* Task item: Leaving out the pictures, output the lines from the one that contains "cute simple family" through the end of the material, exactly as they stand.

* Data block:
^^^^^^^^

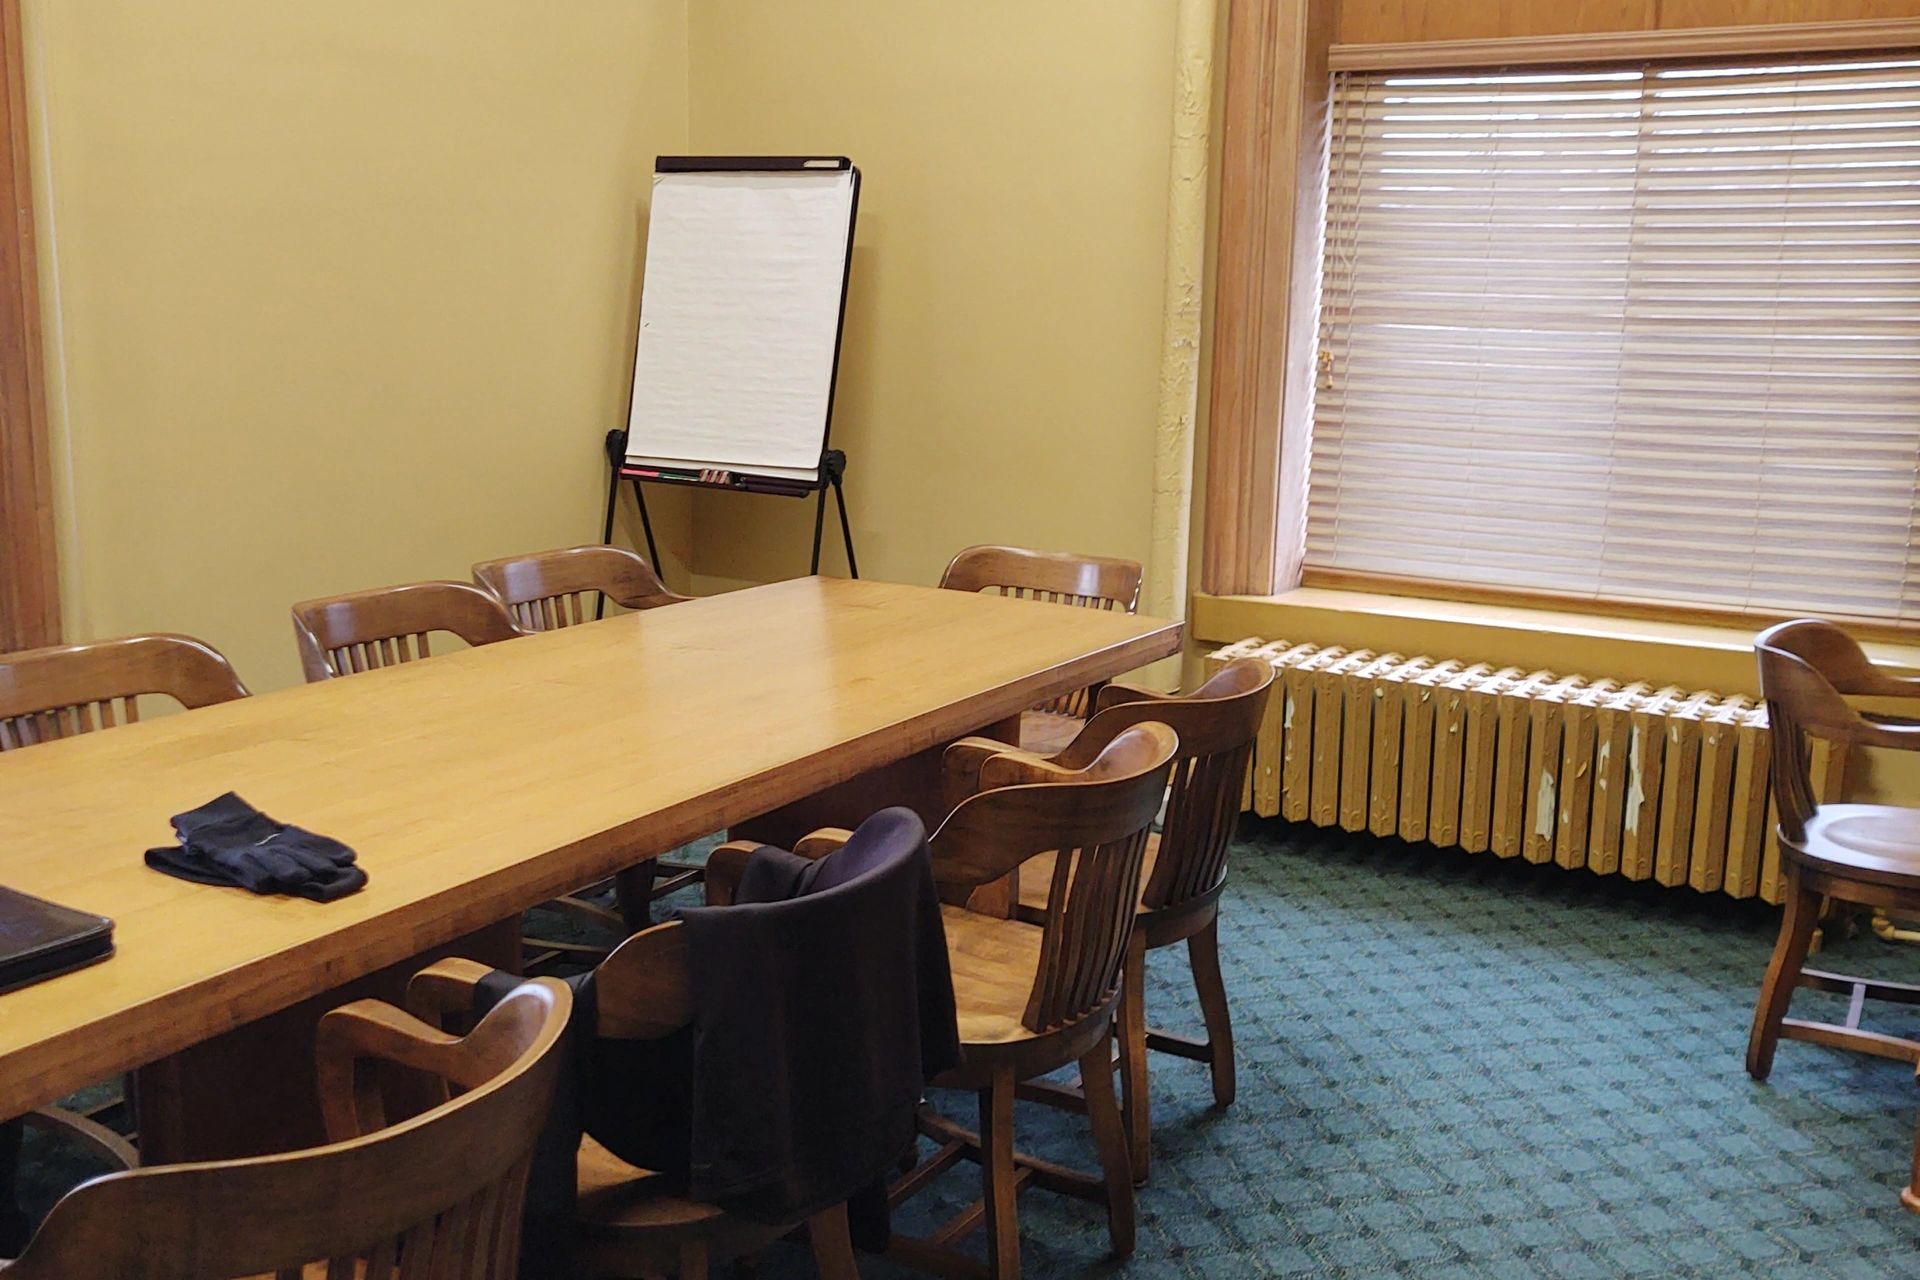 Conference room at a courthouse in Ohio
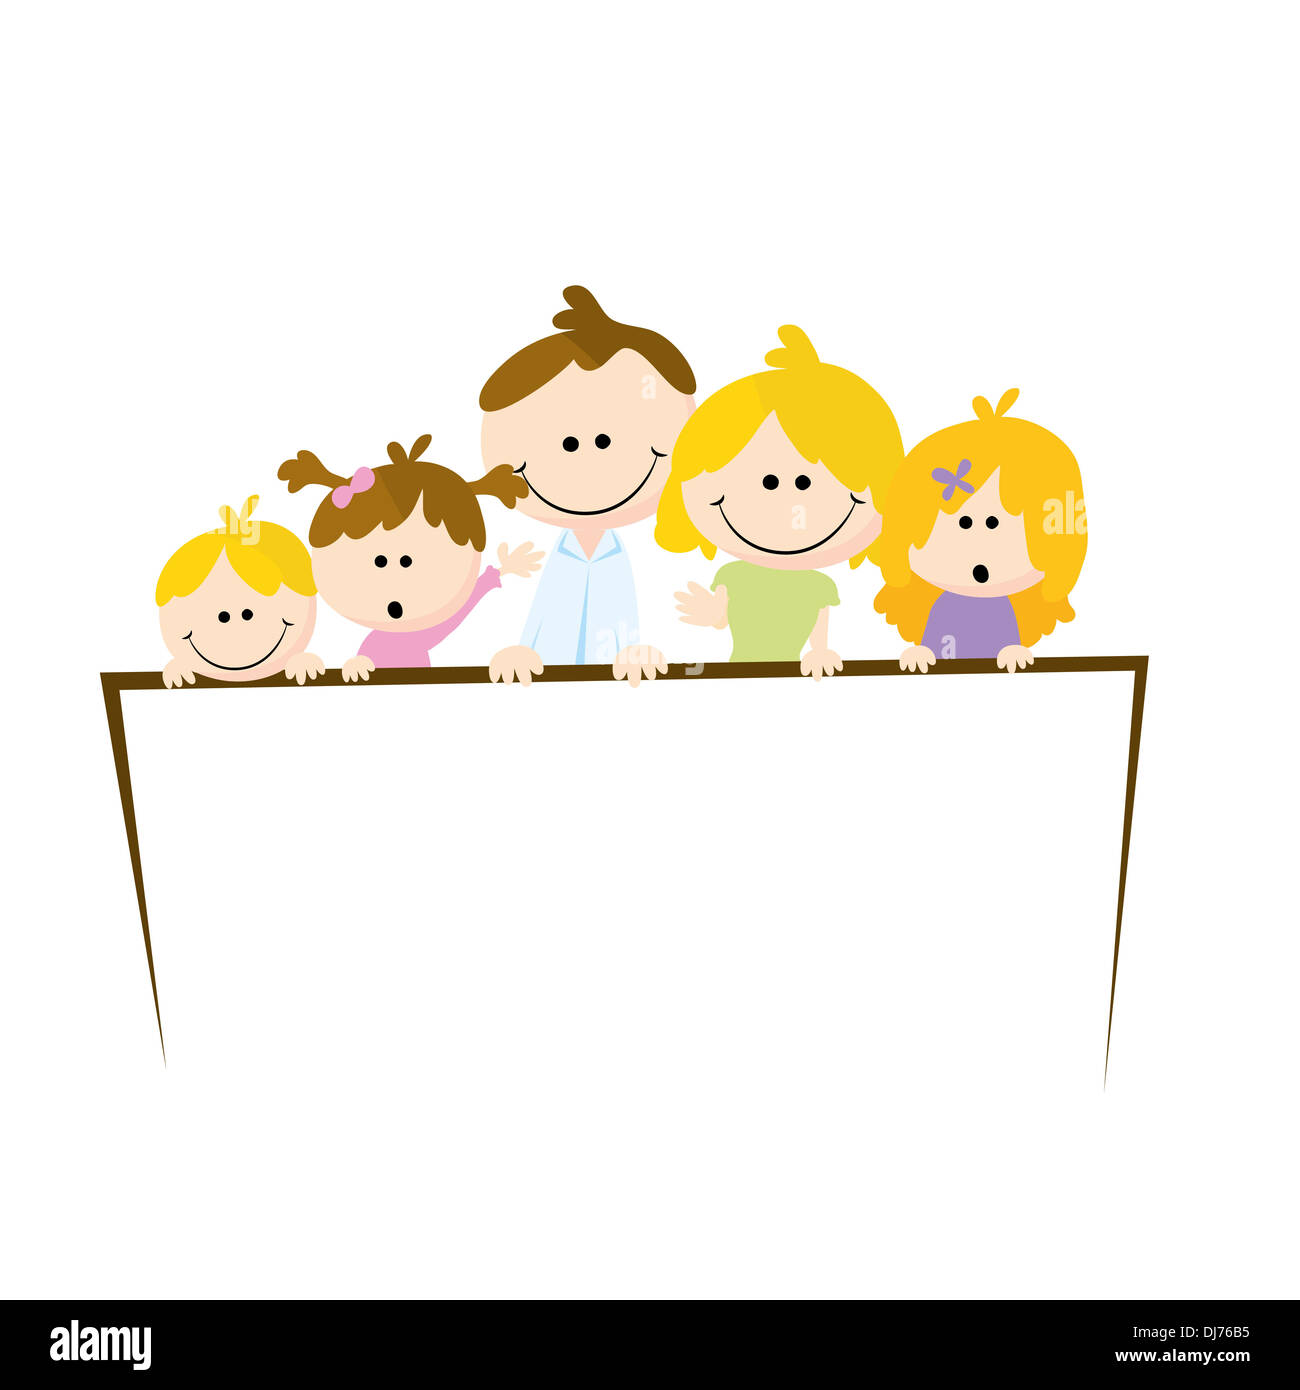 cute simple family cartoons of five people Stock Photo - Alamy
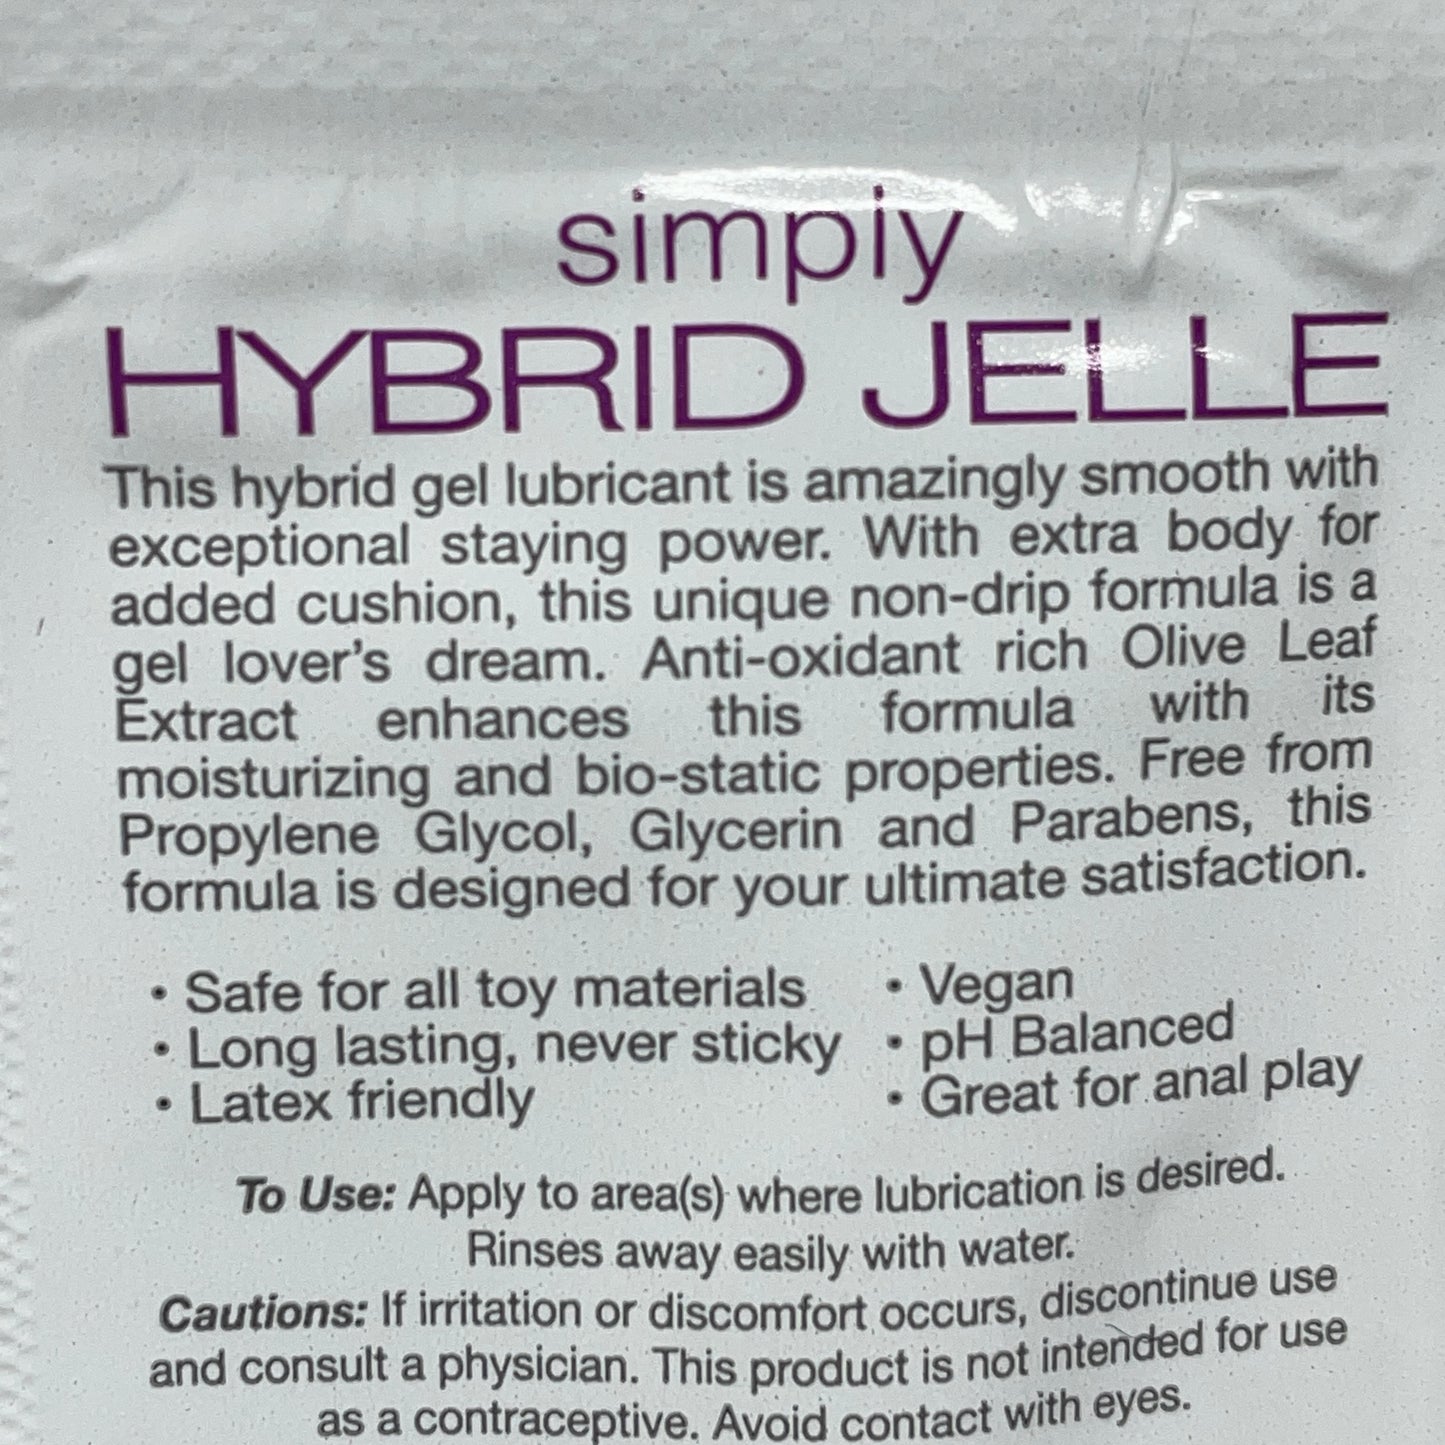 WICKED SENSUAL CARE 144-PACK Simply Hybrid Jelle Clean & Simple Water & Silicone Blended Gel Lubricant .1 oz Exp. 09/24 (New)

^^^^^^^^

* Exercise output:
 cute simple family cartoons of five people Stock Photo - Alamy
 WICKED SENSUAL CARE 144-PACK Simply Hybrid Jelle Clean & Simple Water & Silicone Blended Gel Lubricant .1 oz Exp. 09/24 (New)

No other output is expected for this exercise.